**DATA SECTION**
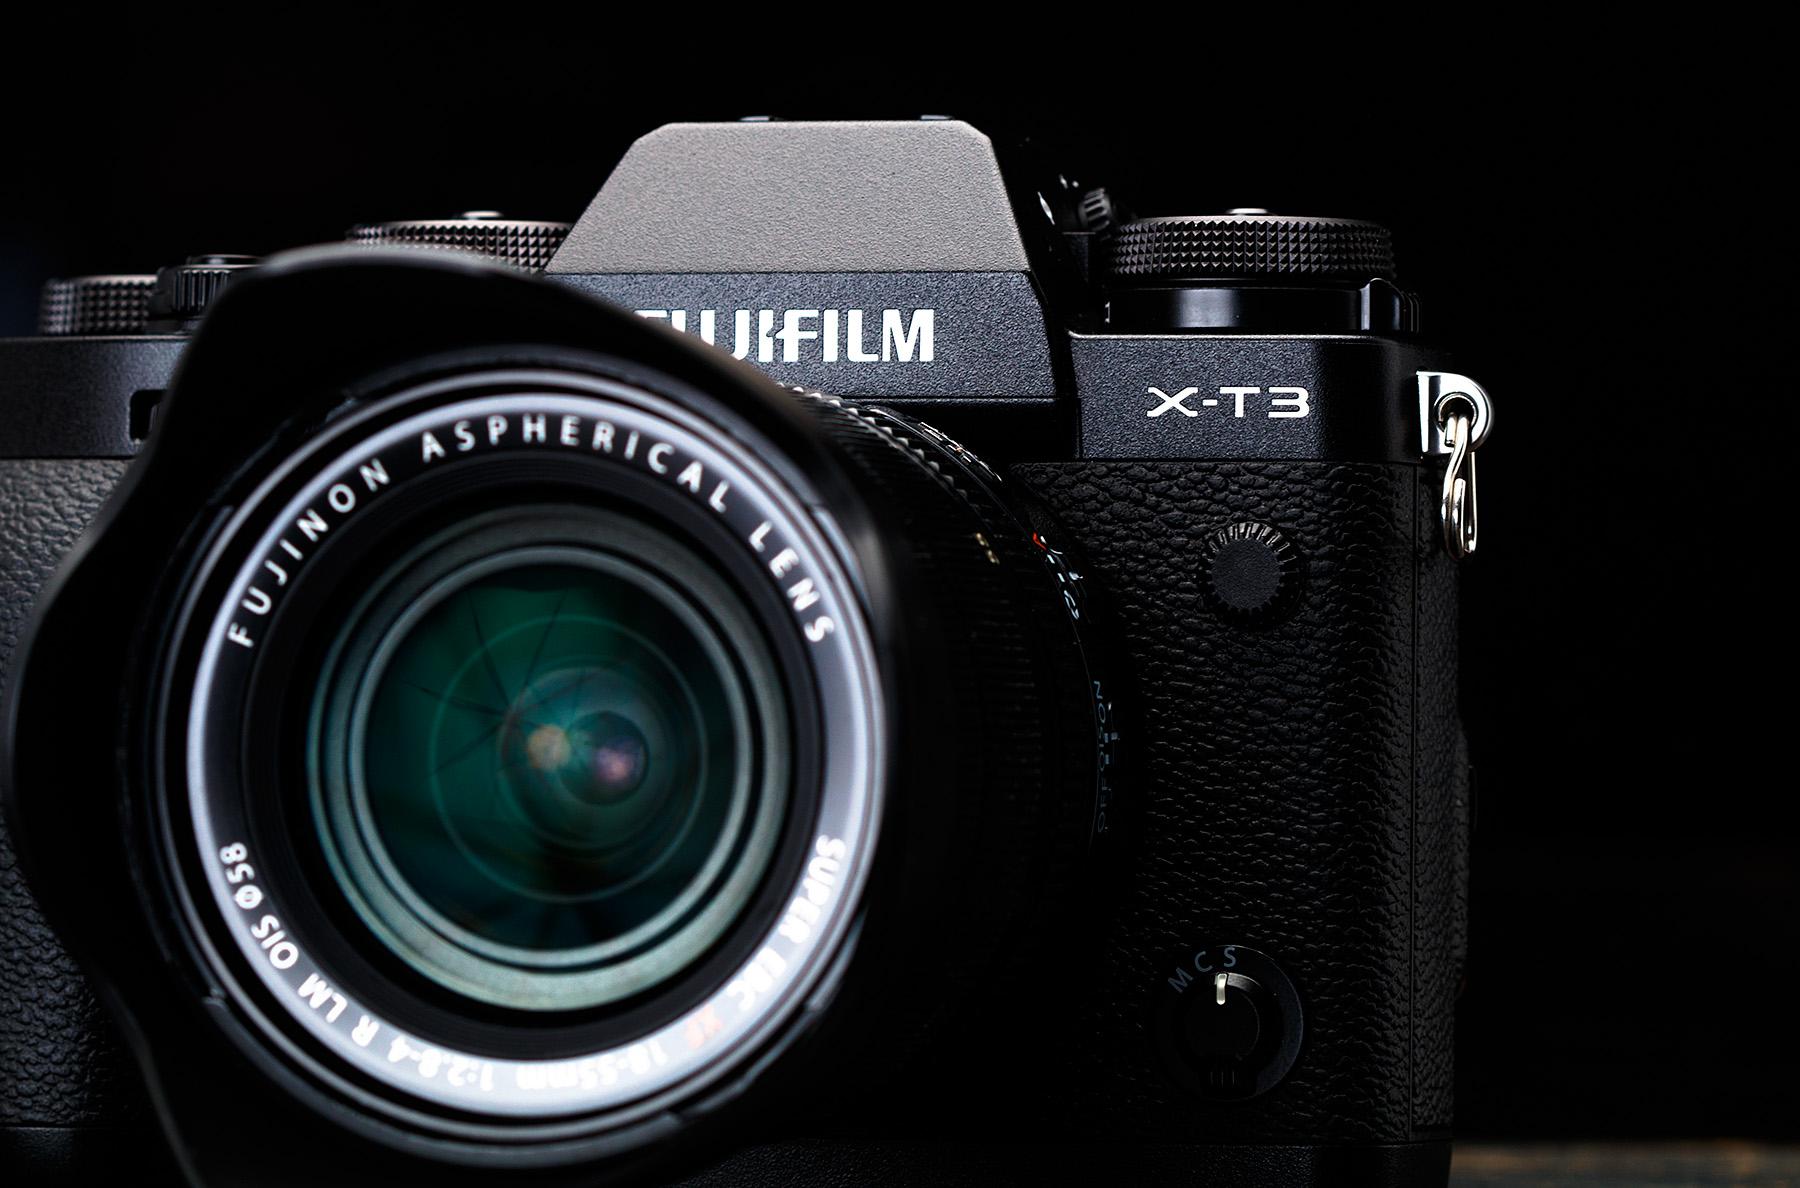 https://www.dpreview.com/files/p/articles/3691262631/body-shots/FujifilmXT3-01.jpeg
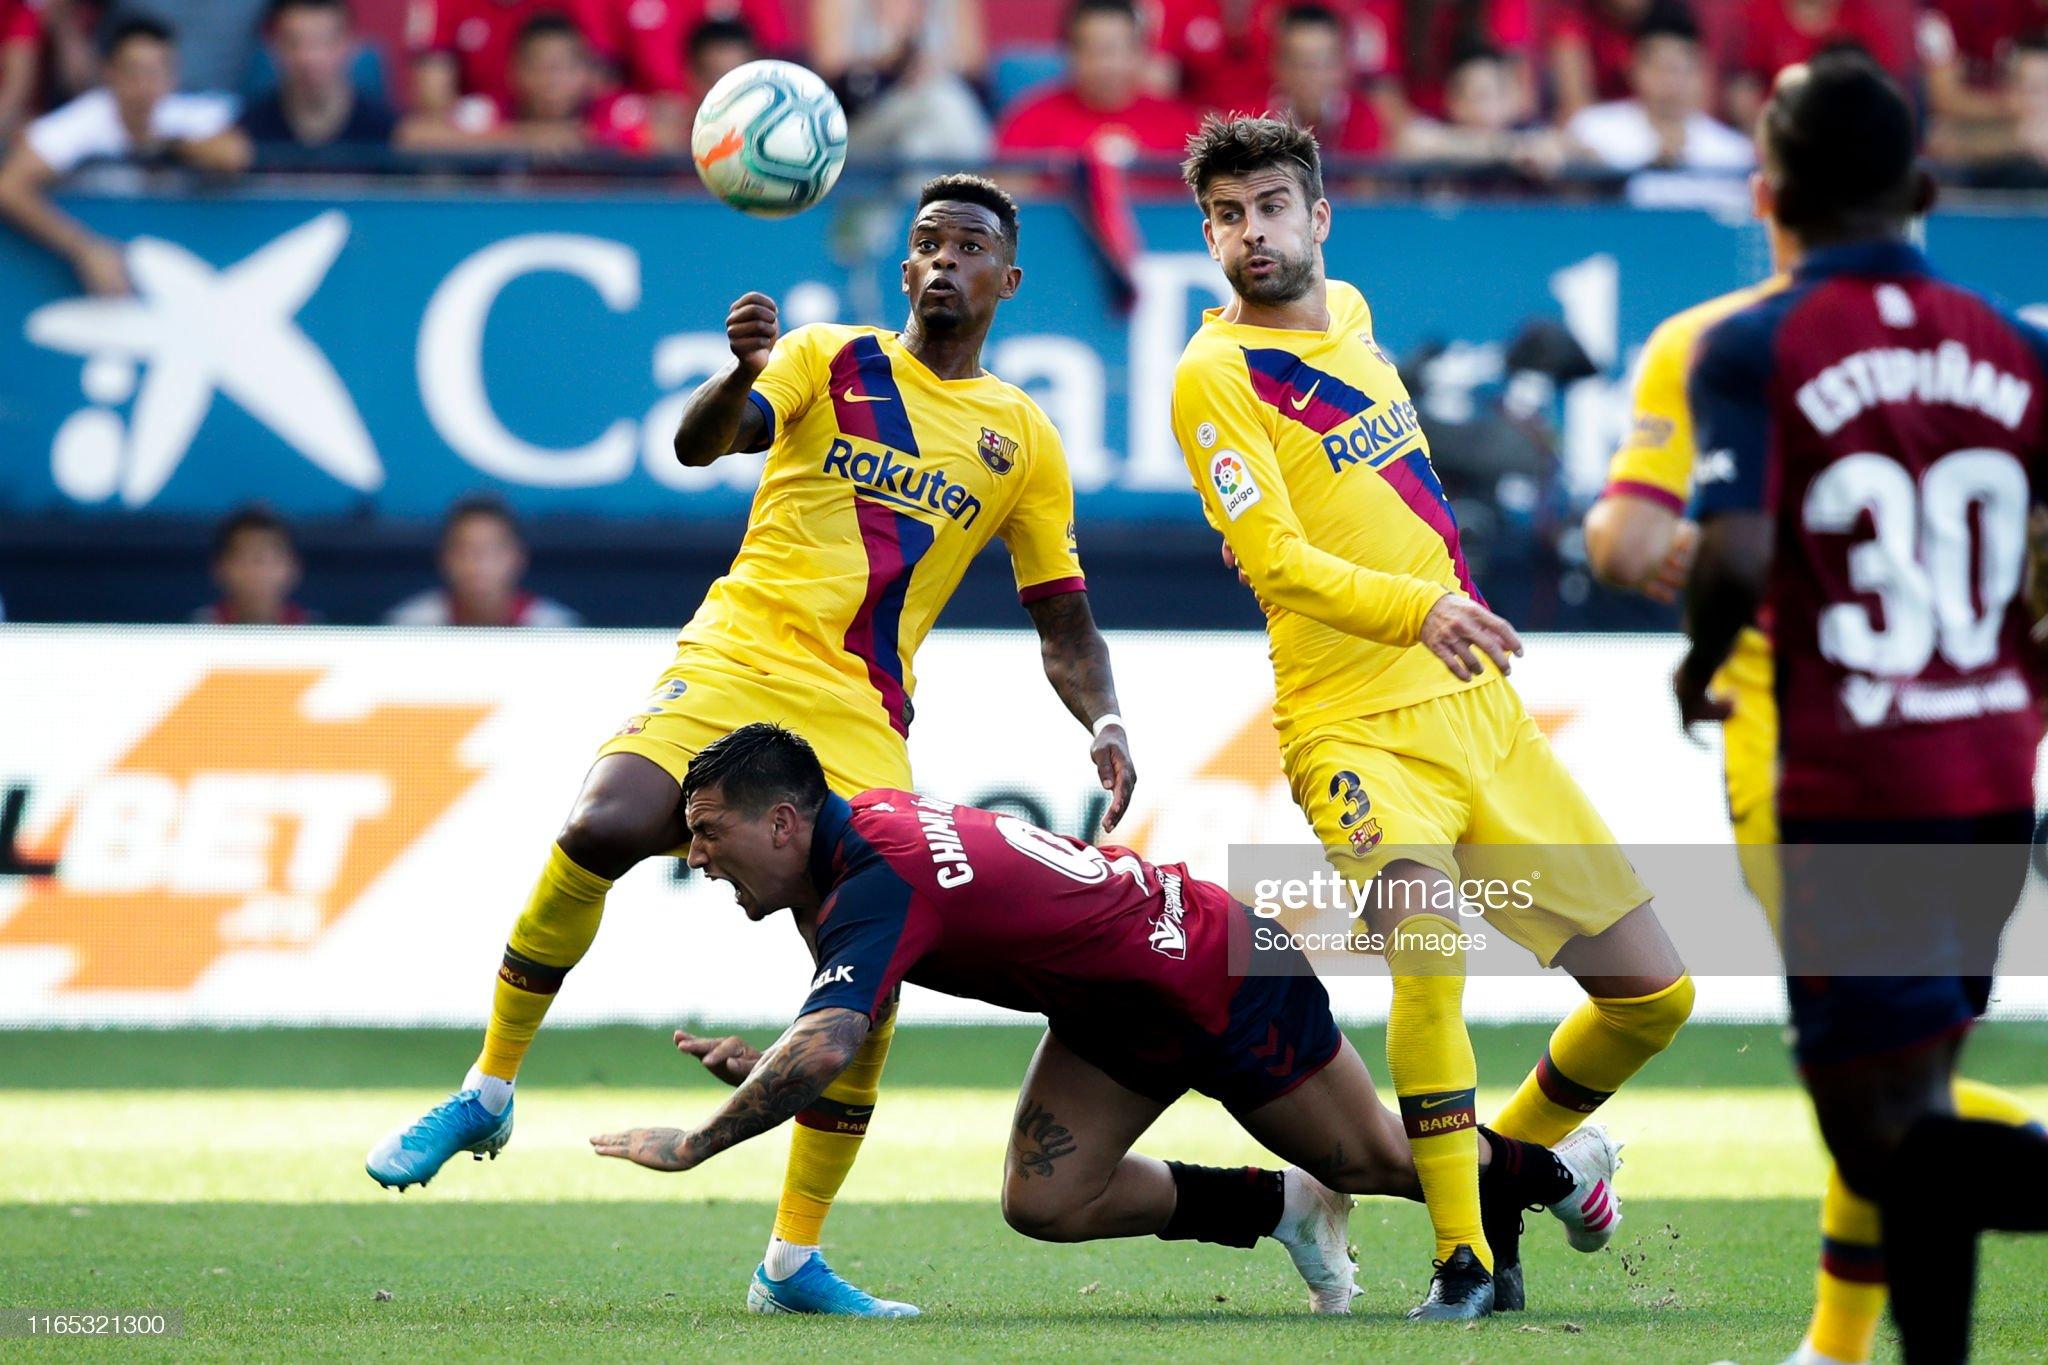 صور مباراة : أوساسونا - برشلونة 2-2 ( 31-08-2019 )  Nelson-semedo-of-fc-barcelona-chimy-avila-of-ca-osasuna-gerard-pique-picture-id1165321300?s=2048x2048
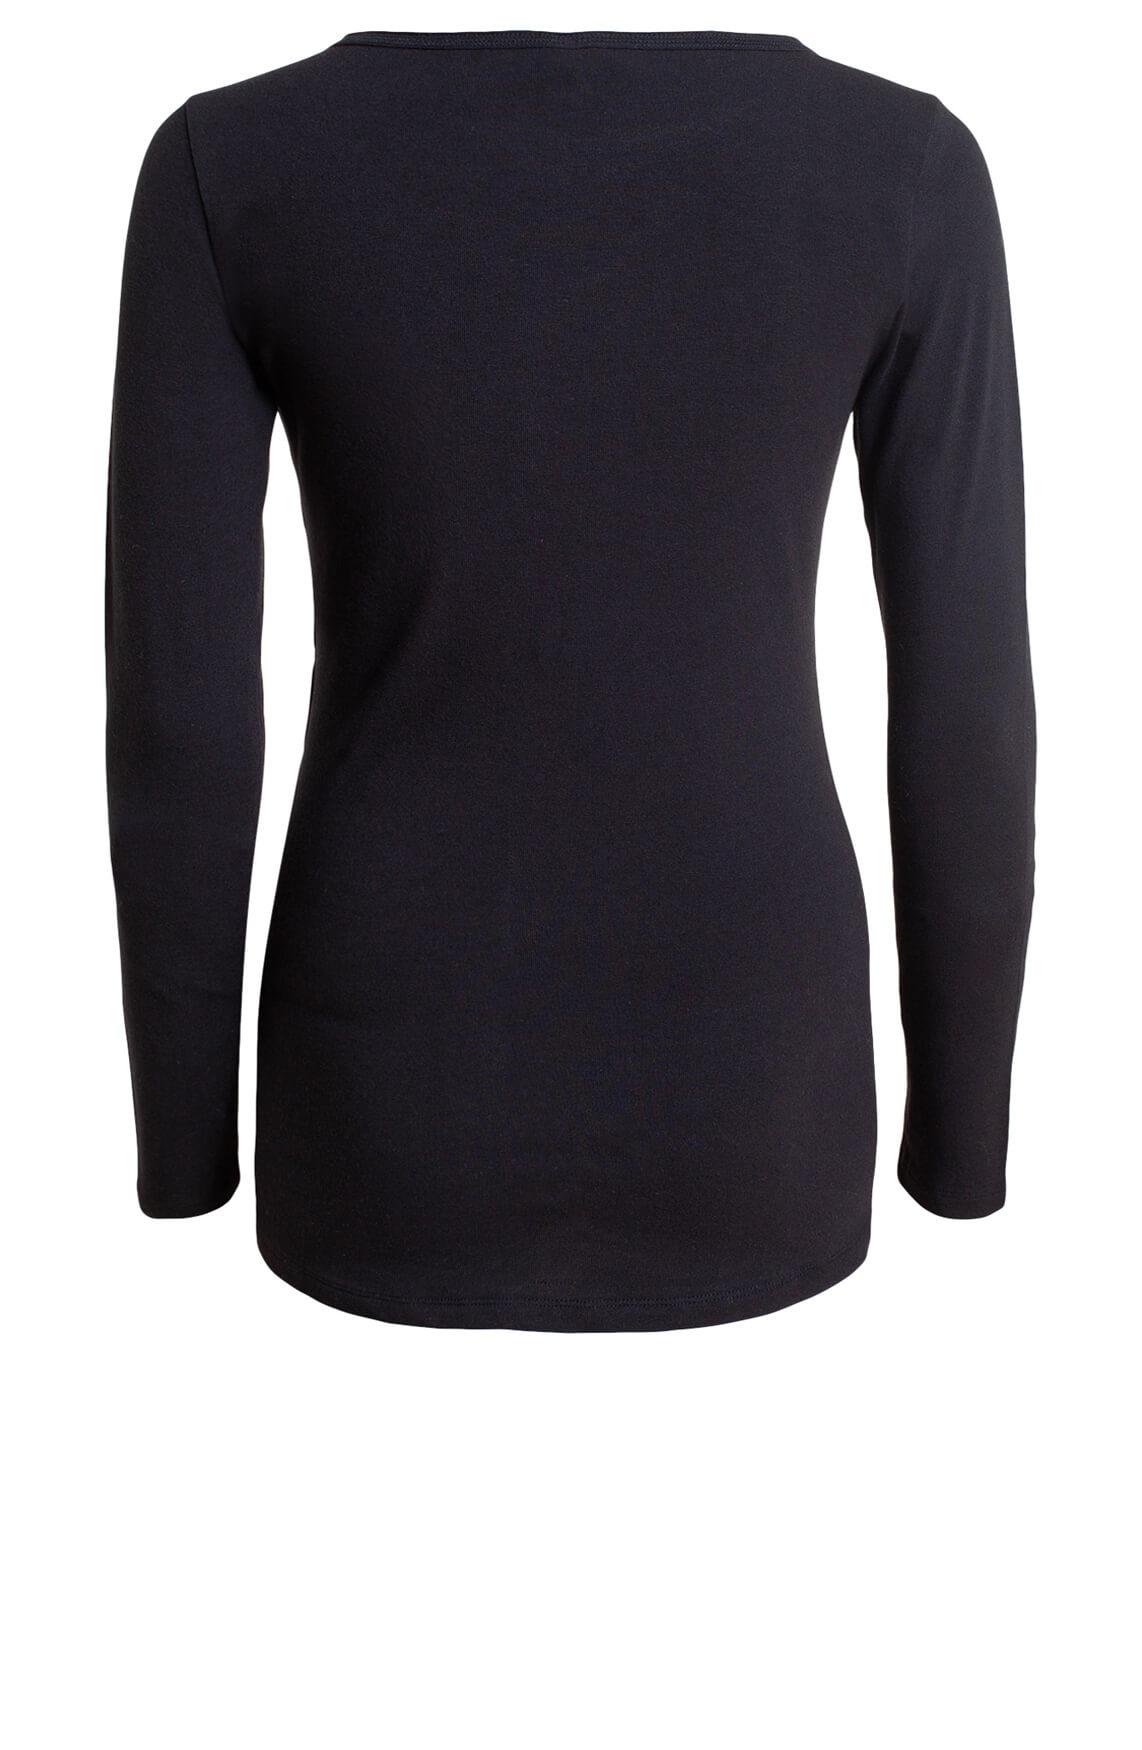 10 Days Dames Slim-fit shirt zwart

**PROMPT**
Set down the material above exactly. Skip any picture.

**RESULT BELOW**
 https://www.dpreview.com/files/p/articles/3691262631/body-shots/FujifilmXT3-01.jpeg
 صور مباراة : أوساسونا - برشلونة 2-2 ( 31-08-2019 )  Nelson-semedo-of-fc-barcelona-chimy-avila-of-ca-osasuna-gerard-pique-picture-id1165321300?s=2048x2048
 10 Days Dames Slim-fit shirt zwart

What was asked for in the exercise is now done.